▶ TO DO
Reproduction of part of the material below, pictures omitted: copy exactly, and only, the lines starting with the one with "Rival Bros Coffee" and going on through the one with "Visiting Edinburgh Christmas Market".

▶ MATERIAL PROVIDED
......

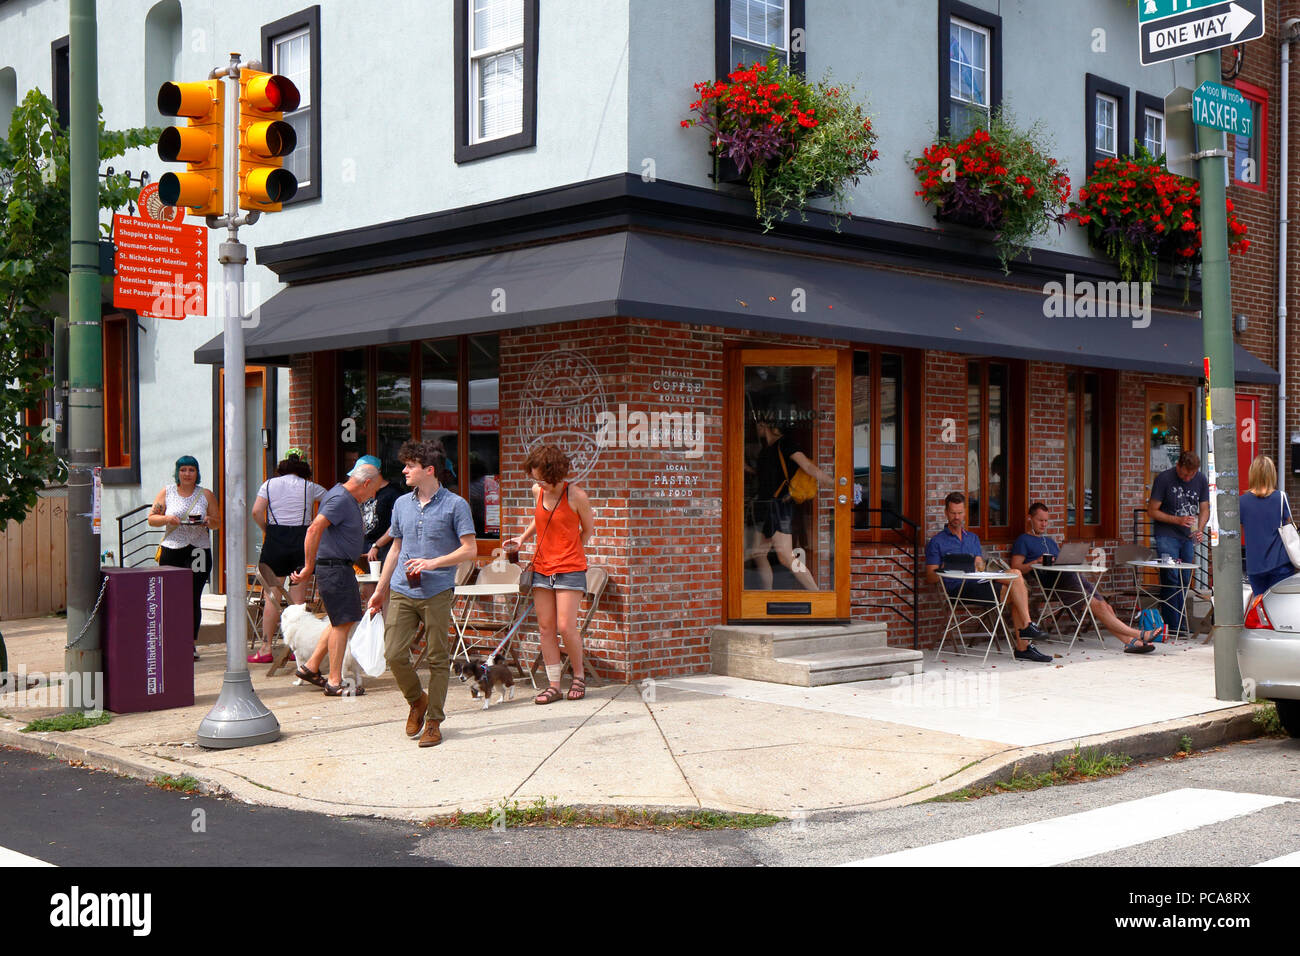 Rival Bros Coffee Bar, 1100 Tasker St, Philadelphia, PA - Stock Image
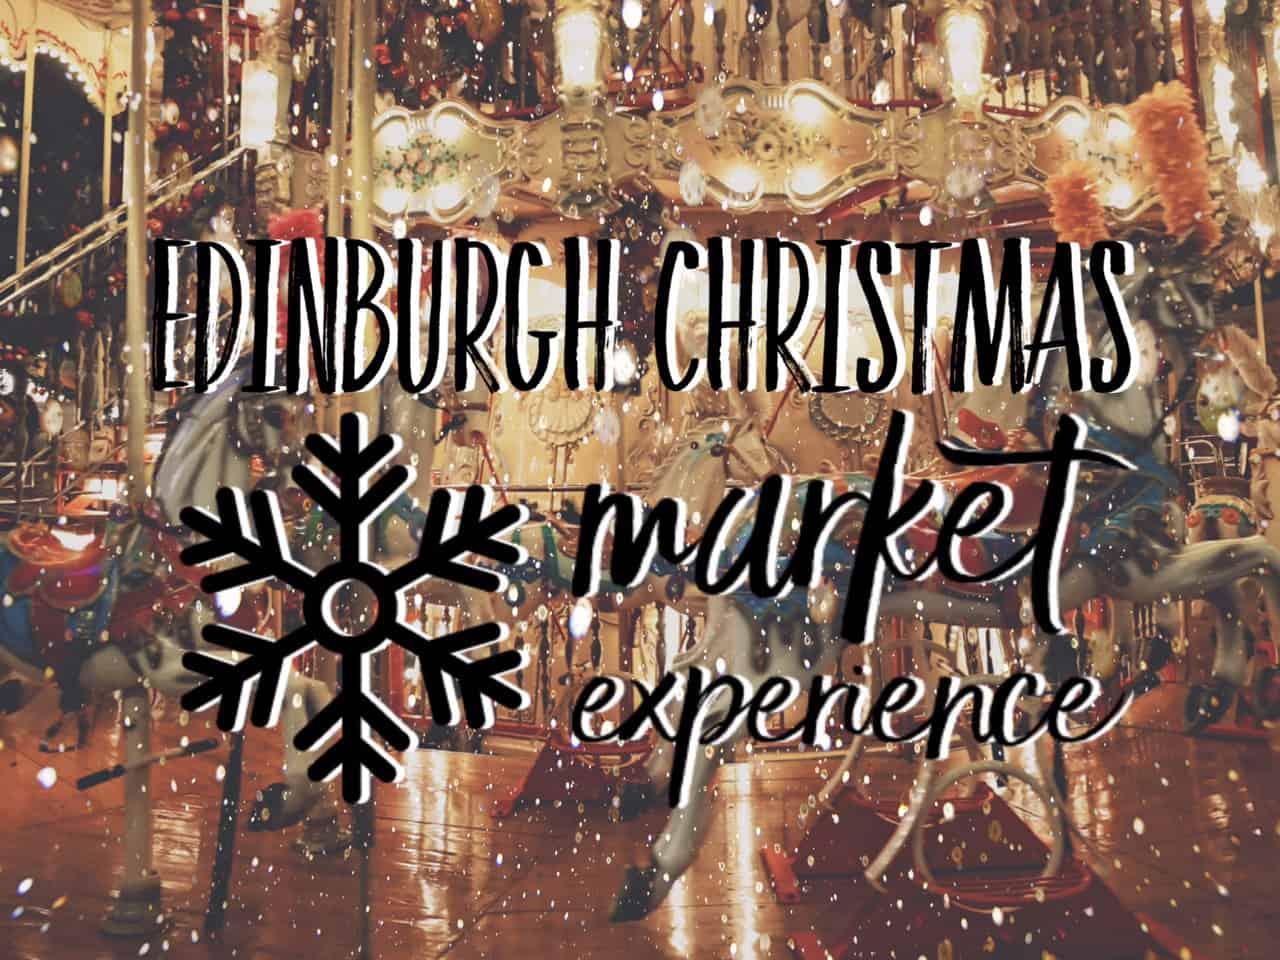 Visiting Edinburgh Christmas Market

......

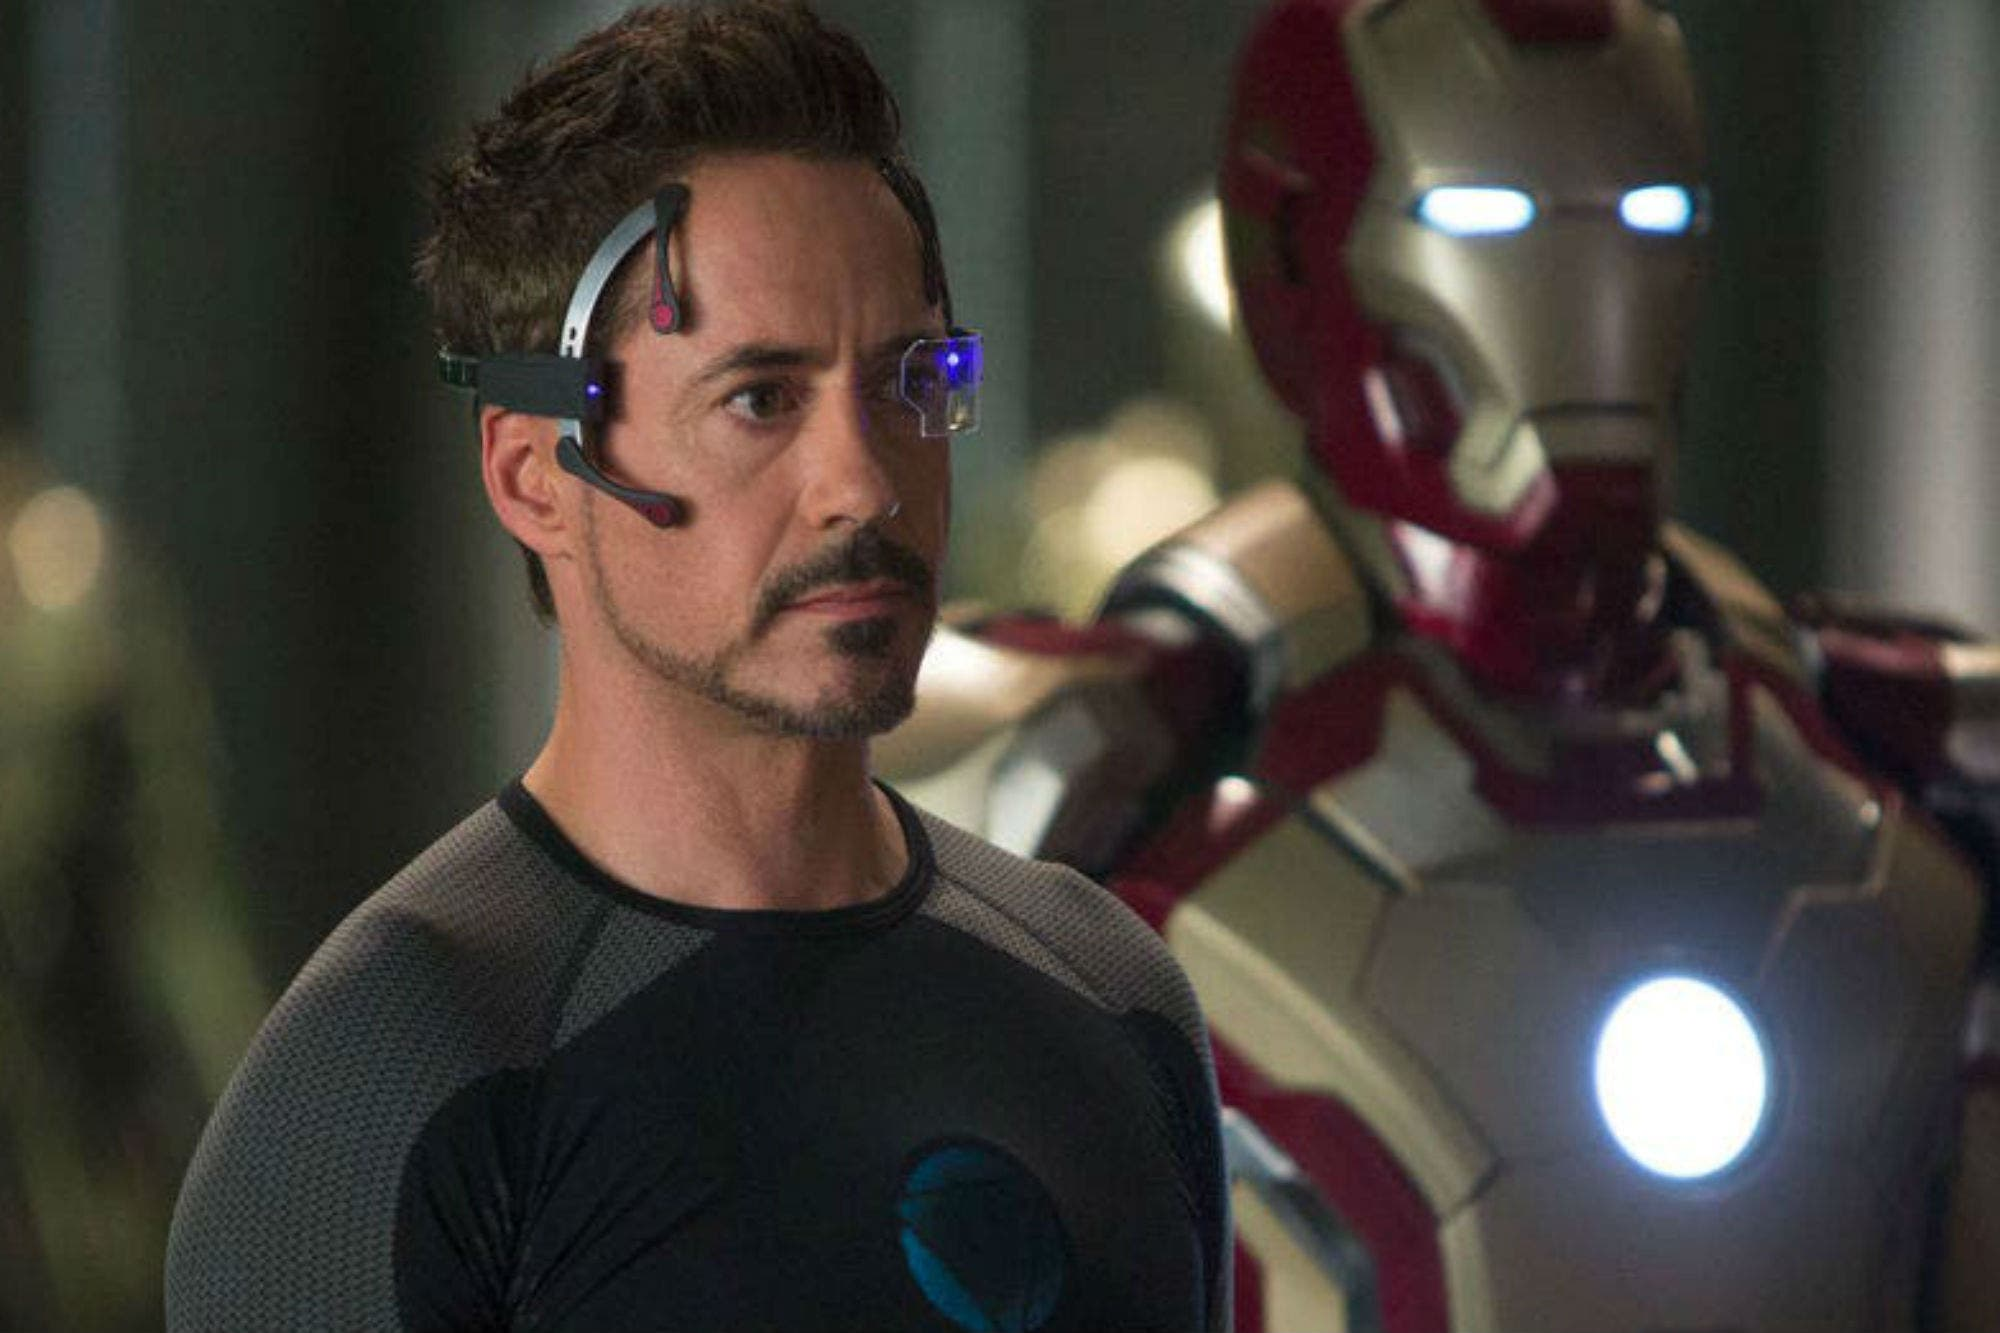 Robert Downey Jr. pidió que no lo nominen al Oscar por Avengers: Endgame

......

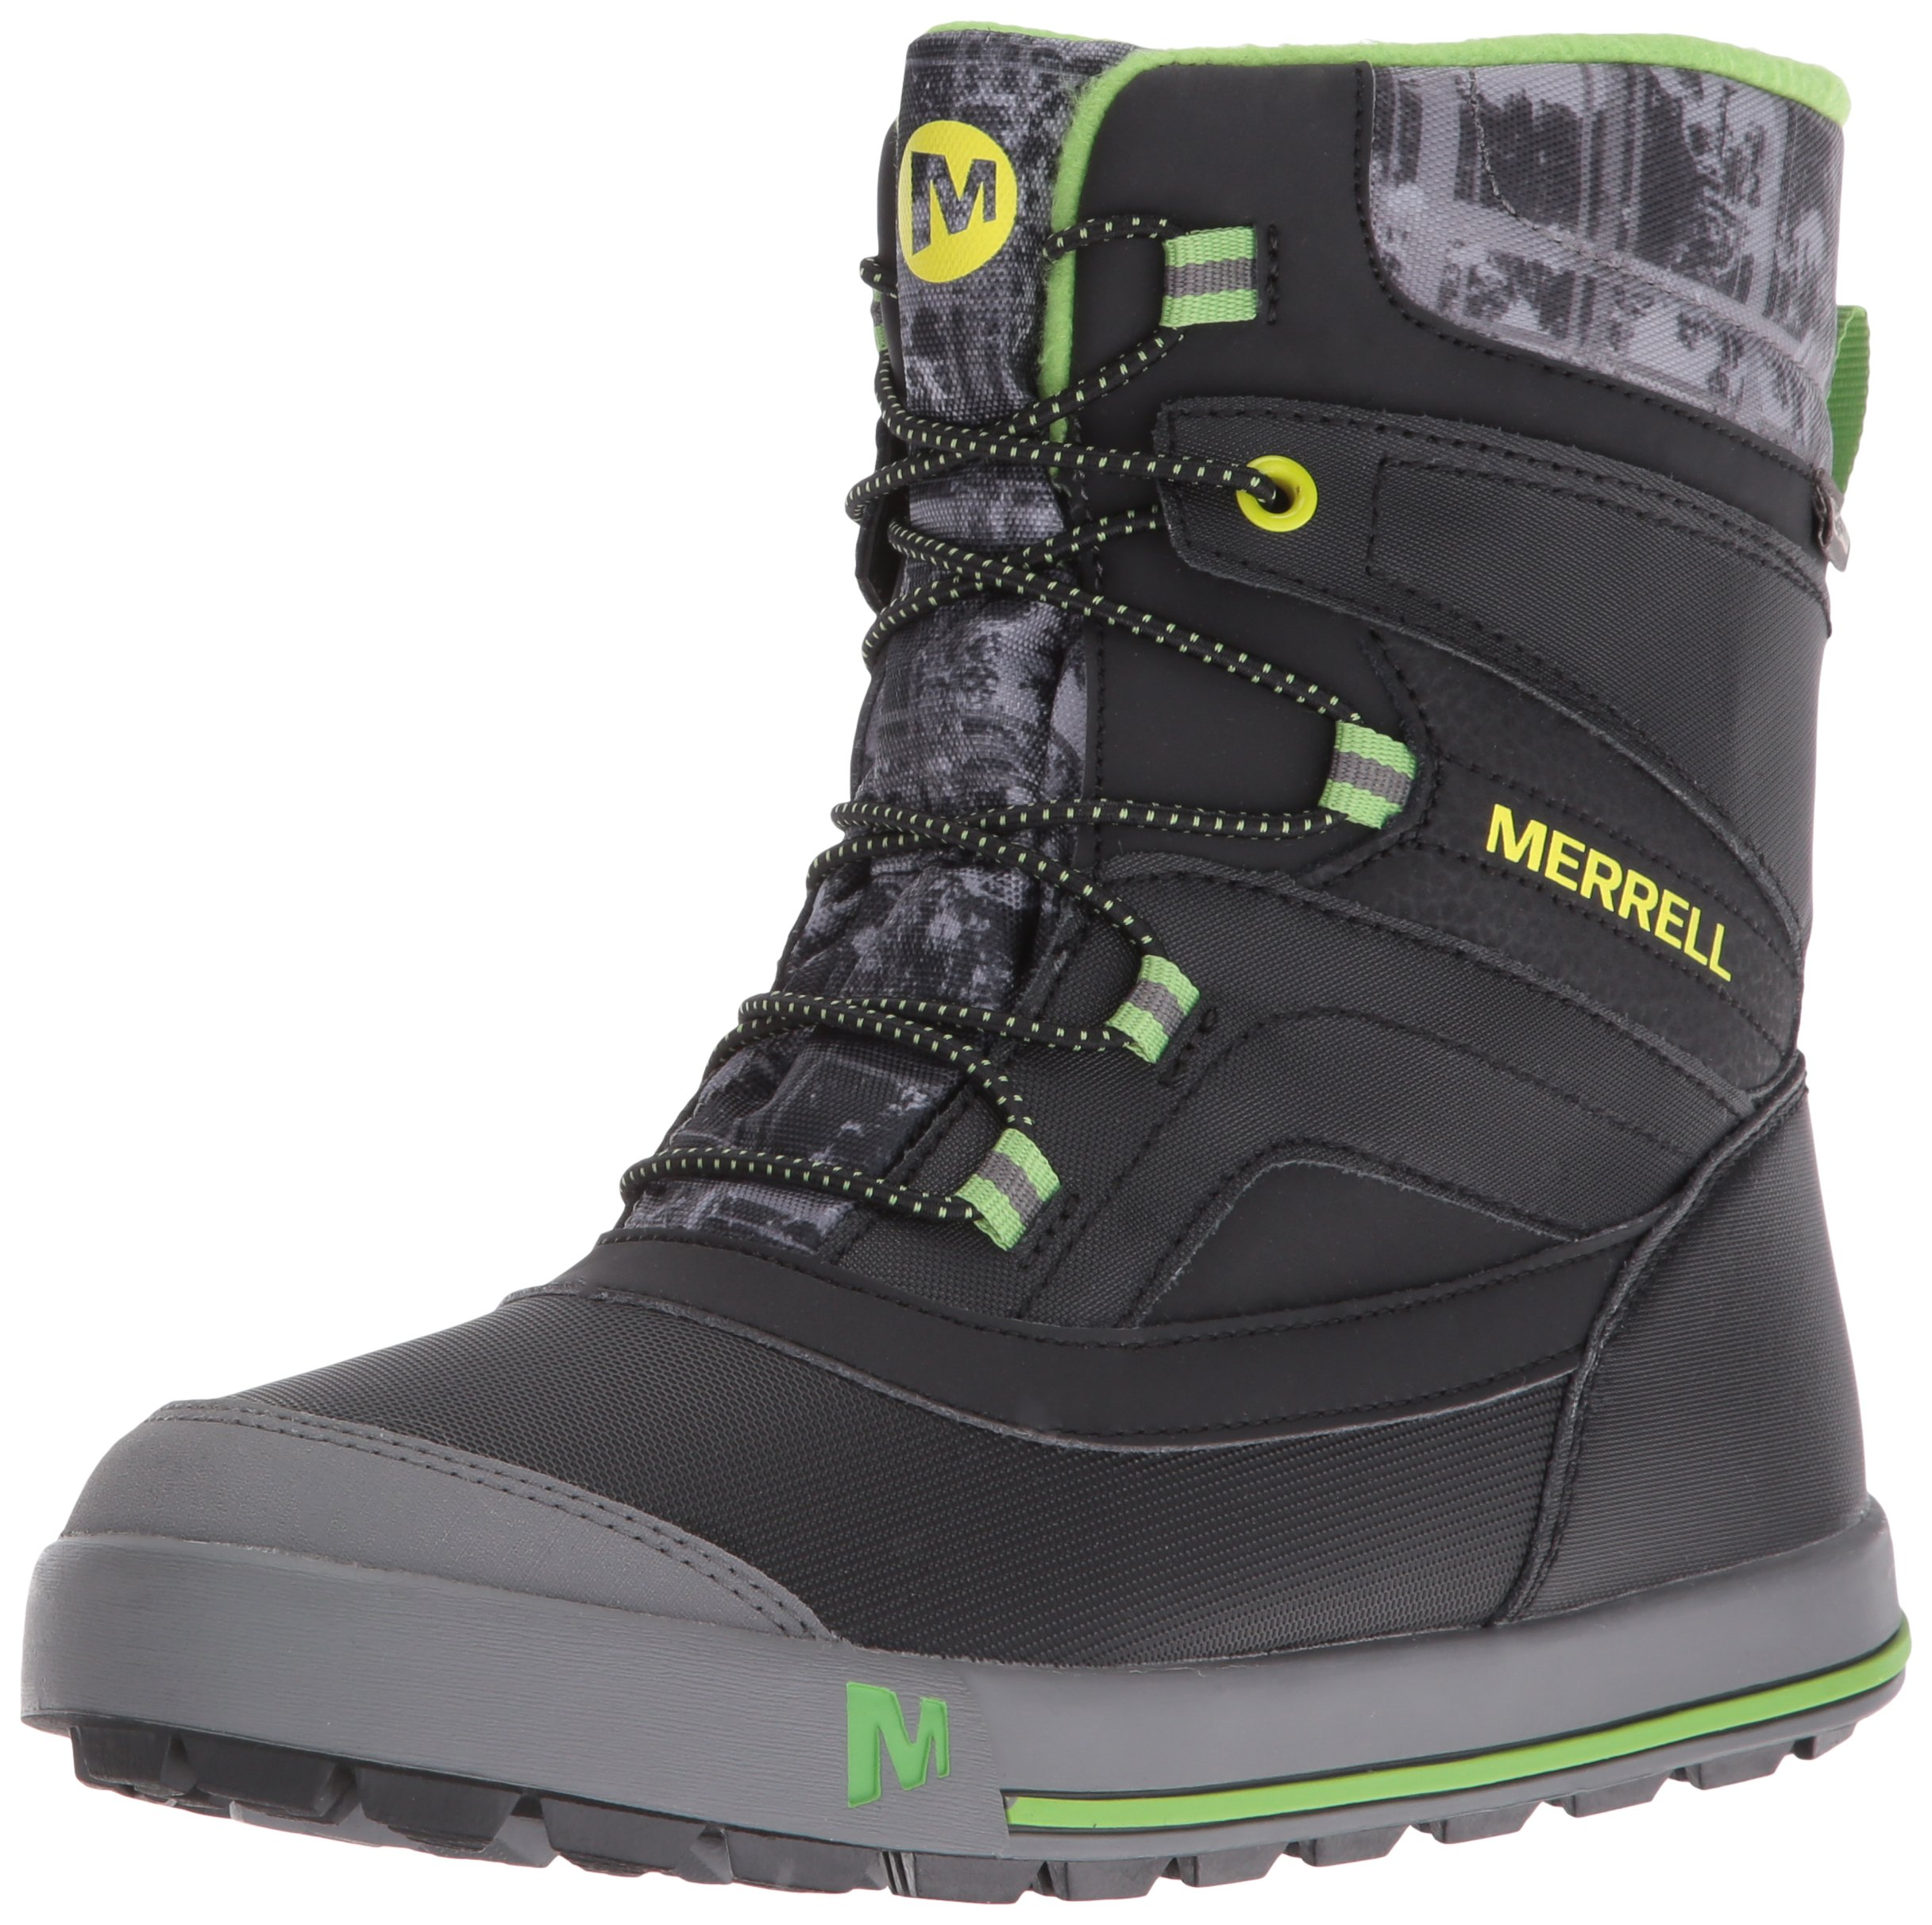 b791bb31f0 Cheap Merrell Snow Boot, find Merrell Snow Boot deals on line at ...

......

▶ RESPONSE TO THIS TASK
 Rival Bros Coffee Bar, 1100 Tasker St, Philadelphia, PA - Stock Image
 Visiting Edinburgh Christmas Market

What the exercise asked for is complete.